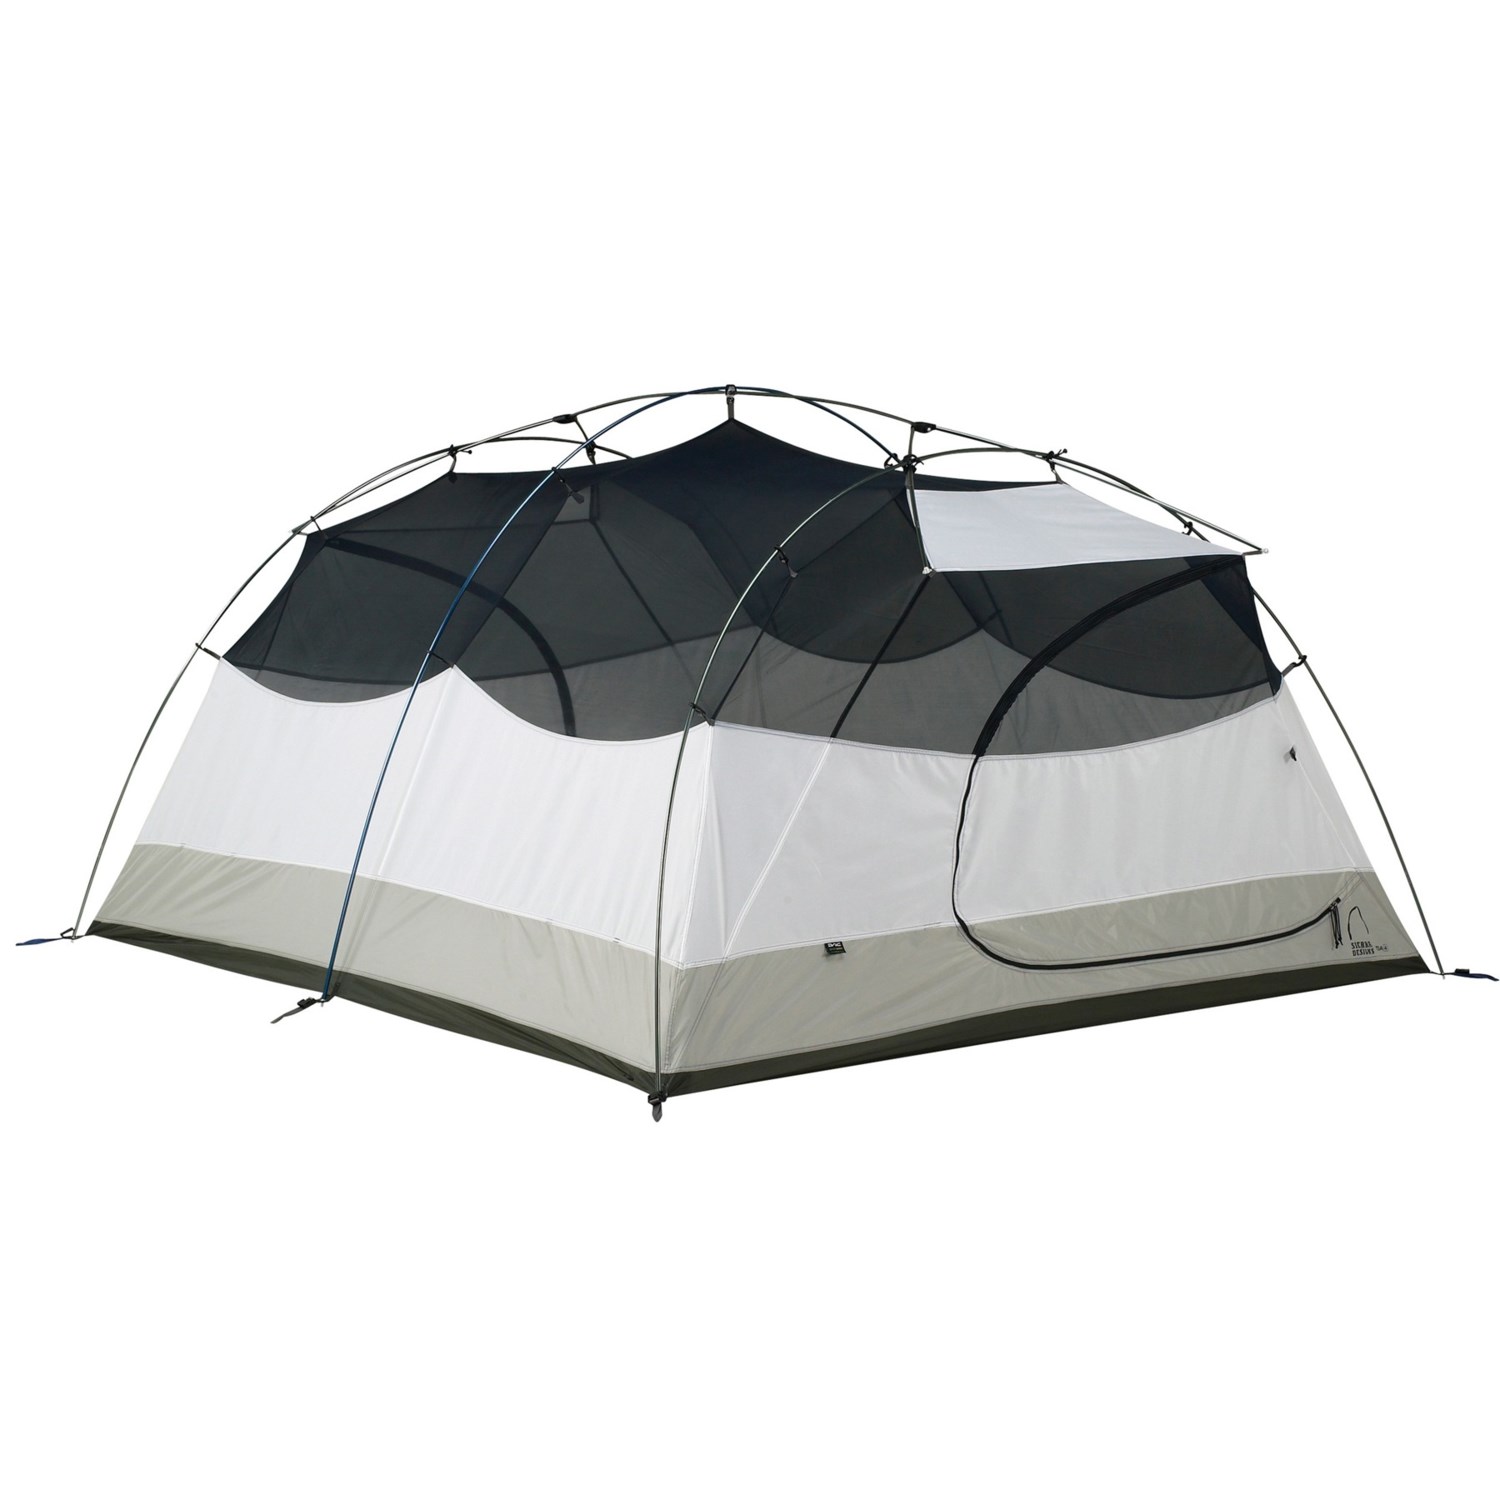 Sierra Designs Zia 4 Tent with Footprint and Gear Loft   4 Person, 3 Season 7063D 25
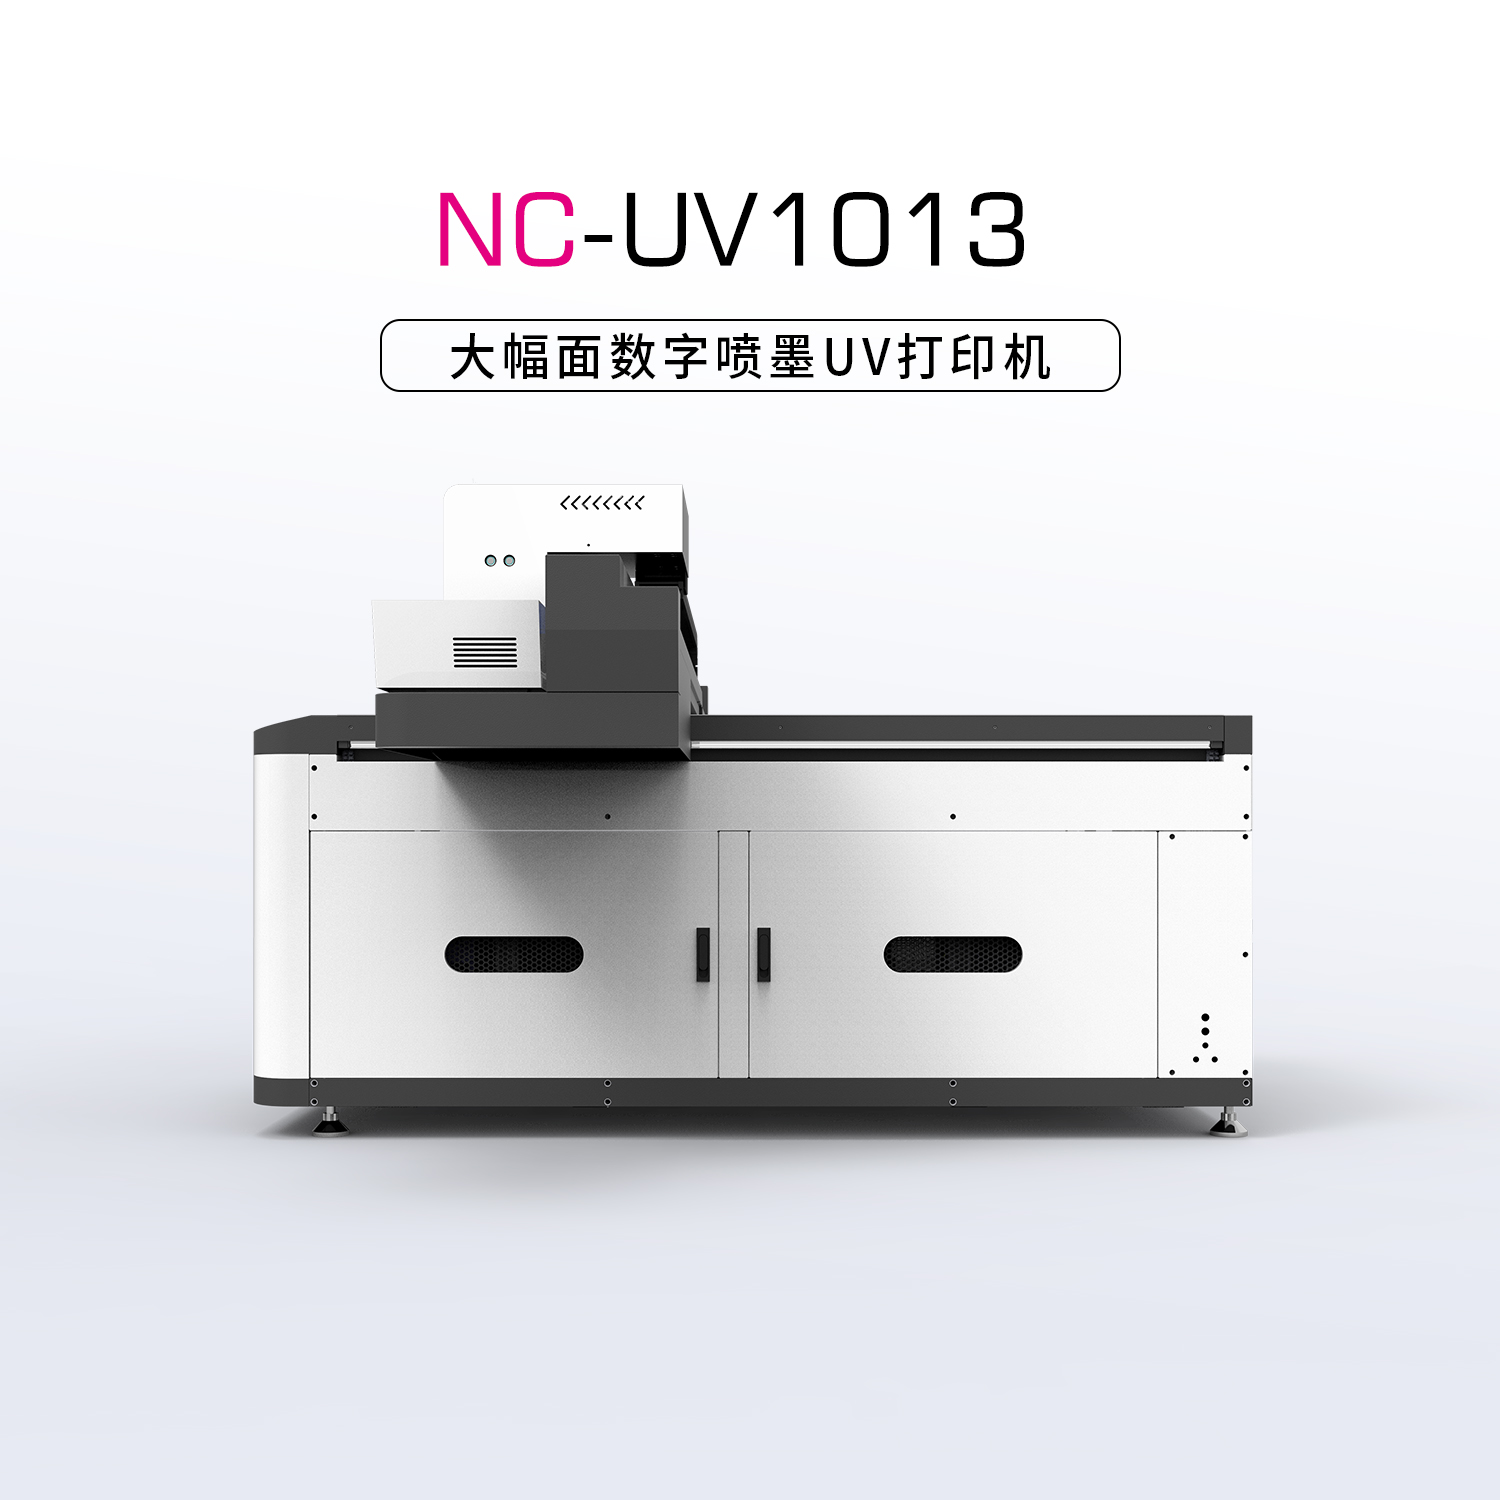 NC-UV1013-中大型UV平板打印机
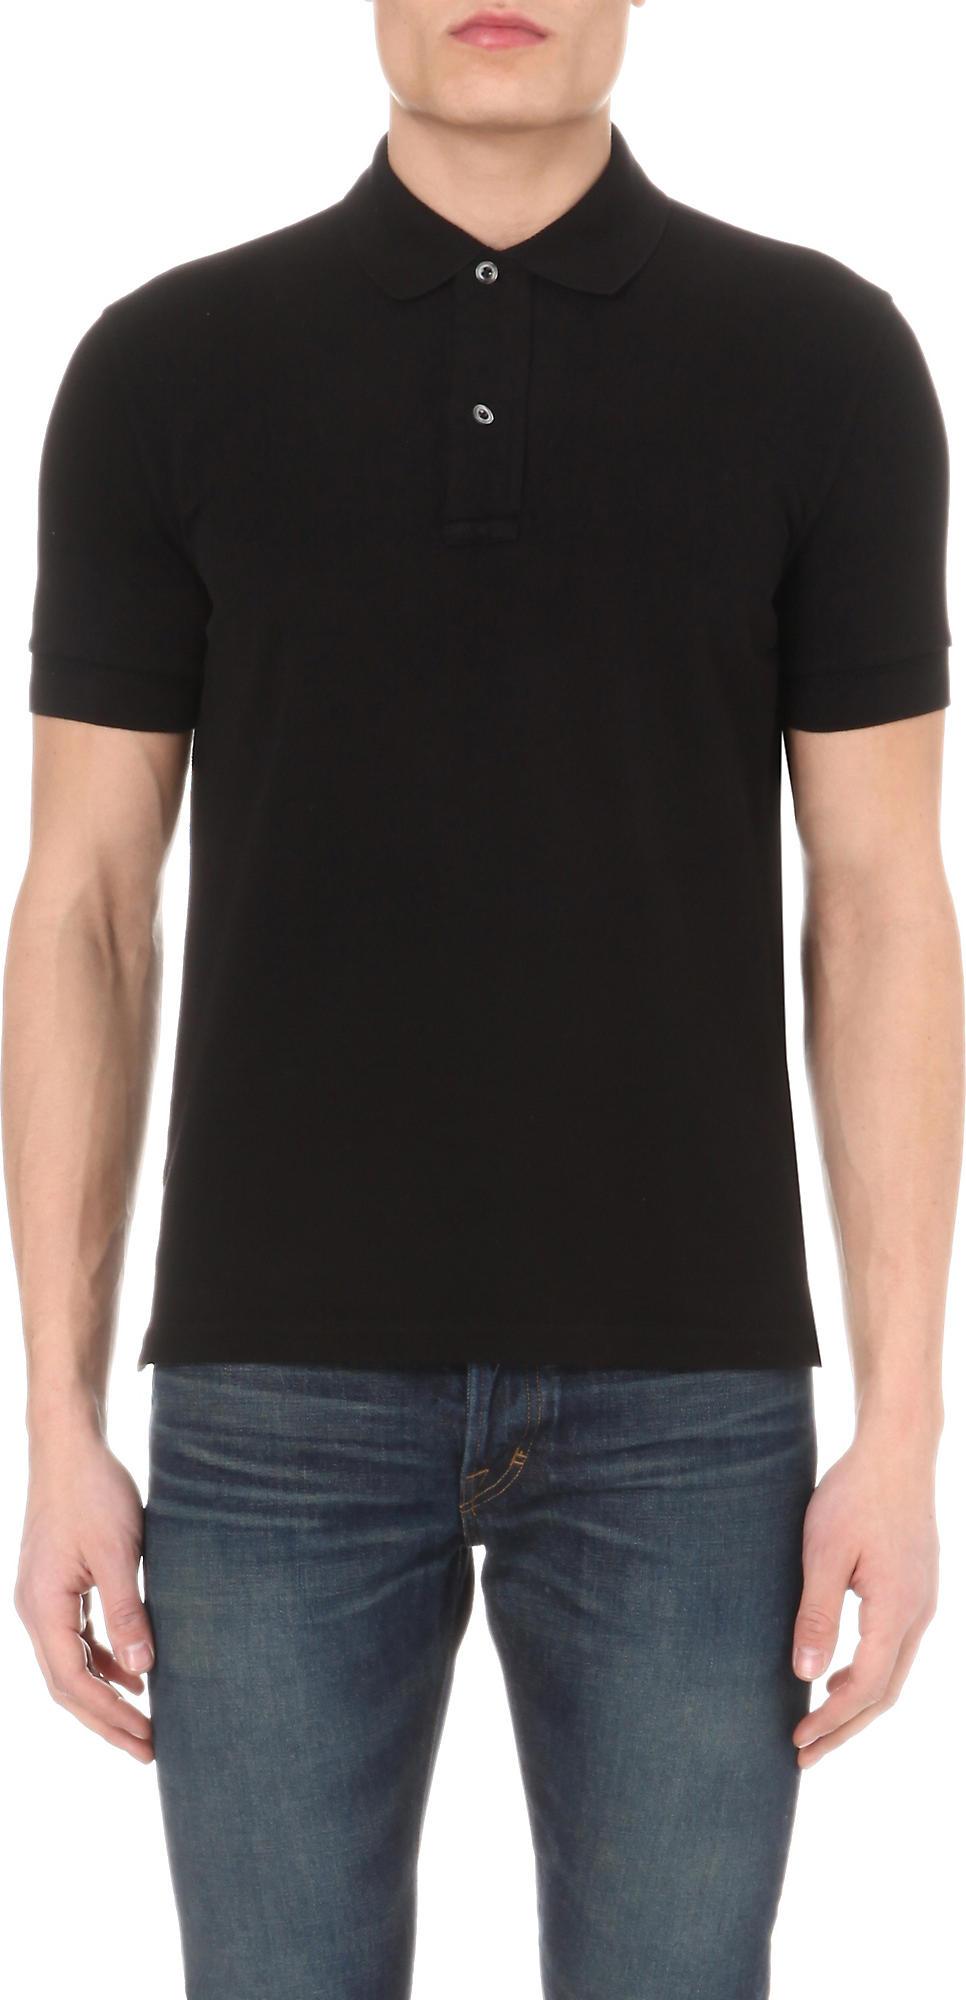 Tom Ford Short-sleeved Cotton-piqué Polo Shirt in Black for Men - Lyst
——————————
— WORK TO BE COMPLETED —
The required output is every line of the data above, set down exactly and stripped of pictures.

— ANSWER FOR THE TASK —
 Sierra Designs Zia 4 Tent with Footprint and Gear Loft   4 Person, 3 Season 7063D 25
 NC-UV1013-中大型UV平板打印机
 Tom Ford Short-sleeved Cotton-piqué Polo Shirt in Black for Men - Lyst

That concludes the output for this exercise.